Before Justin.tv launched, I imagine there was a lot of coding/testing
involved. Most start-ups don't need a TV producer even _after_ they have a
product.

------
geebee
Would most founders be interested in finding programmers through the
traditional job posting/resume/interview process? I'm thinking that to get a
crack at working with really excellent programmers and founders, you probably
need to be connected through a network and known a bit by reputation. No, you
don't have to be famous, just respected and known by a group of good peers.

I take a particular interst in this question because I'm working on a project
(that doesn't deserve to be called a startup, but maybe it could be), and I
need someone with kick-ass UI design and graphics skills (I wrote the backend
myself, but it looks lame). I'll go through my blurred social/professional
networks to see who would be into it.

Then again, I'm just looking for someone I already know and like who would dig
the project and maybe want to make something of it. An actual job job, the
kind that pays money, can probably afford to be more formal about this sort of
thing. But would you want to be? Seems safer to go through those blurry
networks at an early stage, where one bad programmer can drag everything down.
and one good one can rev it up fast.

------
menloparkbum
Are you sure you want to work for a startup? In my experience, working at a
startup is good for one thing: learning how to manage a bunch of random stuff
all happening at the same time.

You don't get paid as well as if you just worked at google or yahoo, and as an
employee, your stake is usually something like .25-.75% of the company, which
means if the place gets bought for 100M, you'll make out with about $120K
extra, 4 years down the road.

$120K isn't anything to scoff at, but keep in mind that startups pay a lower
salary, and if you scored a job at yahoo for $90K instead of $60K at the
startup, after 4 years you'd have the same amount of money.

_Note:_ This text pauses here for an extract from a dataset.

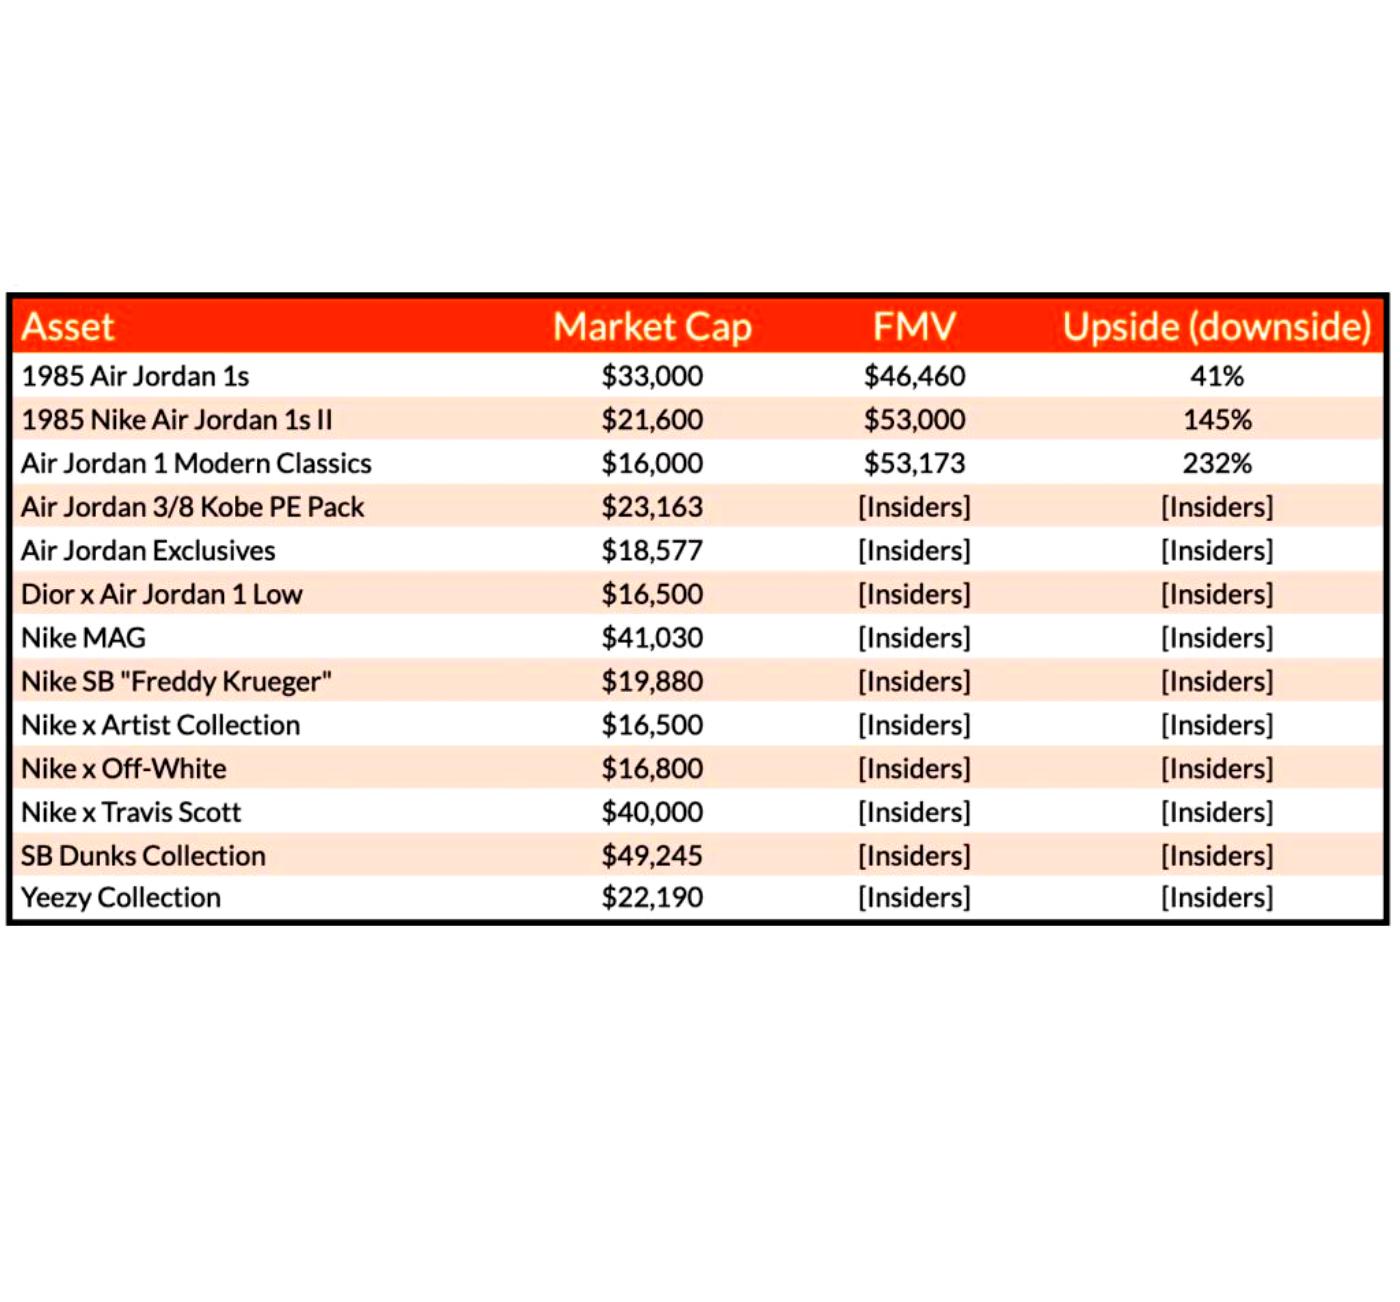 Asset, Market Cap, FMV, Upside(downside)

Now, if you can swing a deal where you get 10% of the company, I'd go for it.
But with a percentage like that, you're gonna be employee 3, co-founding, not
just "have a job at a startup."

------
neurokinetikz
For me, it's been a combination of craigslist and the network of people that I
have worked with in the past.

Having worked for 9 companies in the last 10 years, I've found that it's more
about who you know than what you know.

And if you are well connected in the internet industry AND talented, startups
will find you.

Also, get your resume on the web and let the search engines index it. You'd be
surprised at how many random searches will lead people to it.

------
Tichy
Just found this article from the dotcom boom area by chance:
<http://archive.salon.com/tech/feature/2001/05/02/sacrifice/index2.html> \- is
it still like that to work for a startup?

------
wammin
I recently discovered a site, <http://buildv1.com> that was built for hooking
up startups with startuppers. I actually found someone from this site that
worked with us for a little while.

------
nickb
Idea: Start a website that connect/matches founders!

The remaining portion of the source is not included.